# List of Finger Compounds?



## roaming cat (Sep 7, 2012)

Has anyone made a list of all compounds suitable for finger shooting? Went looking and can't find one. Once we have a list people can discuss pros and cons.


----------



## rsarns (Sep 23, 2008)

Look at the pinned thread at the top of this forum.


----------



## roaming cat (Sep 7, 2012)

Yeah, I saw that. But a long series of forum posts is not a list. I could go through that and start a list, was just wondering if anyone had made one, because I doubt a four page forum posting is going to cover all the options both past and present.
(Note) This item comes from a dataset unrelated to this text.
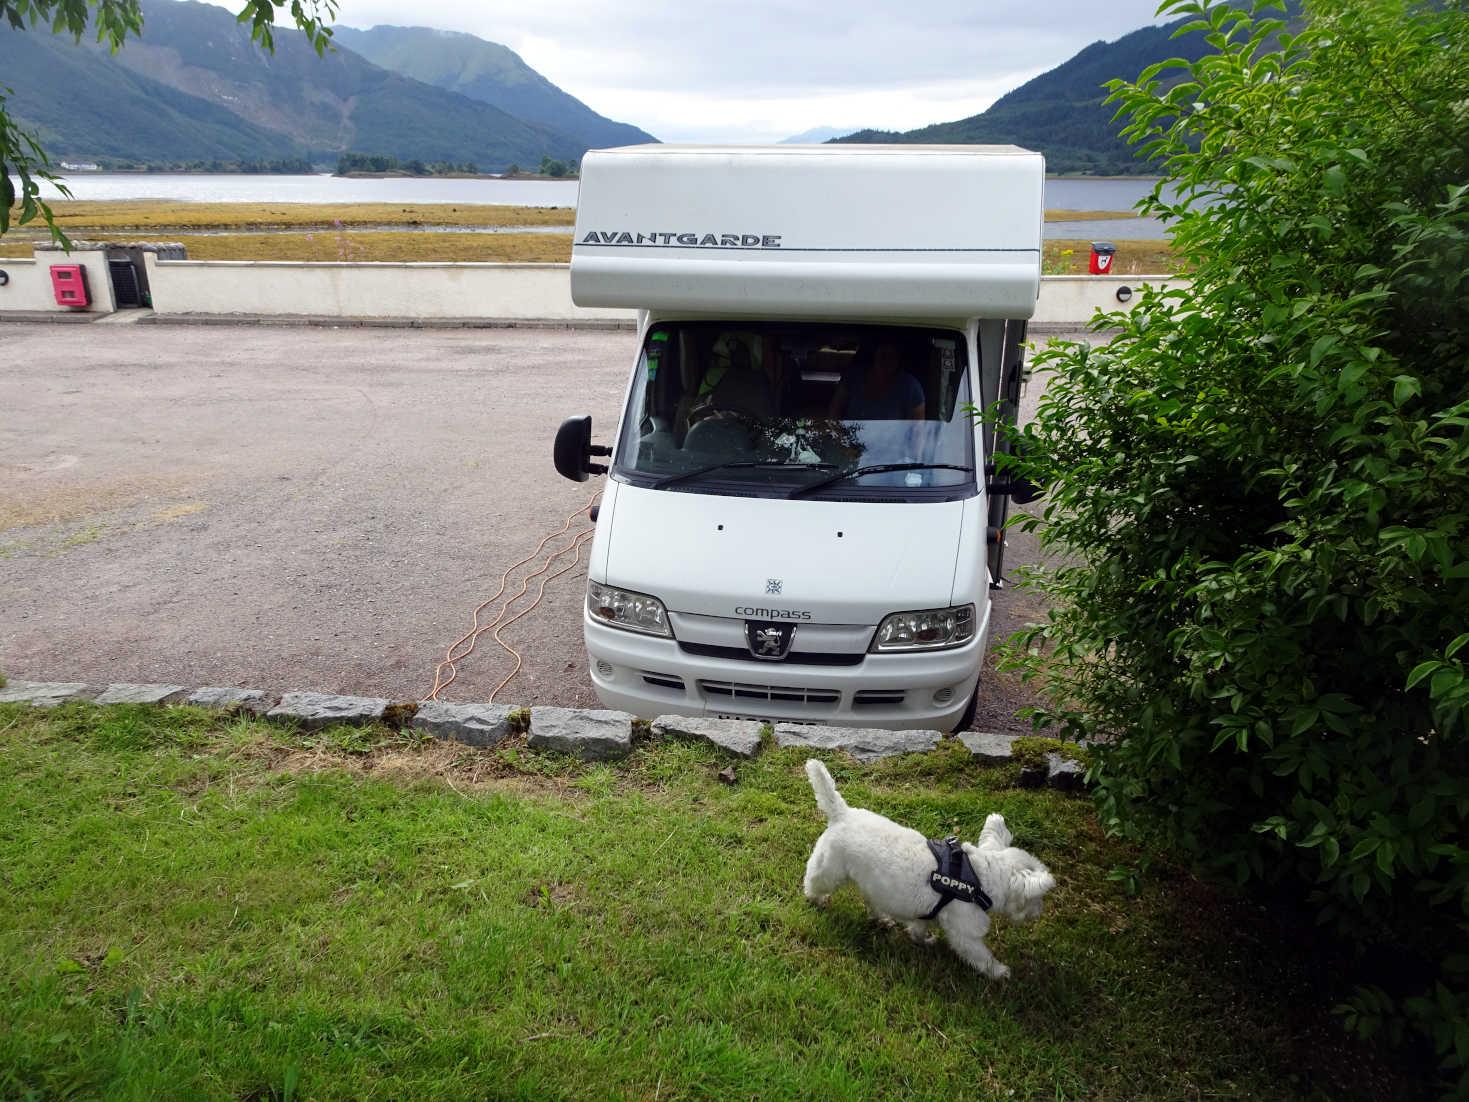 poppy explores campsite at glen coe

If we could make something that lists everything 40" and longer, people could use it to check when they found an old bow on craigslist or ebay...because most online posting aren't going to give you the axle-to-axle length.


----------



## roaming cat (Sep 7, 2012)

Here's a list of every bow from that pinned topic, plus one or two others I've heard about:

Compound bows measuring 40"+ ATA:

Alpine Concorde
Athens Excell
Barnsdale Classic CG
Barnsdale Classic X
Bowtech Brigadier
Hoyt Montega
Hoyt Prevail 40
Hoyt Protec with xt4000 or LX Pro limbs
Hoyt SuperStar Legacy
Hoyt Tribute
Hoyt Vantage
Mathews Apex 8
Mathews Conquest 4
Maitland Session
Maitland X-Factor
Martin Razor X
Martin Scepter IV
Martin Shadowcat
Oneida Aero Force
PSE Freak 38" ATA
Win & Win Dragonfly 40

Anyone have any other bows to add?


----------



## rsarns (Sep 23, 2008)

Hoyt Aspen with LX Pro
Hoyt ProStar


----------



## Tom Sloniger (Mar 15, 2007)

Lol, depends on how far that you want to go back. 40” compound was once considered an awful short bow, lol.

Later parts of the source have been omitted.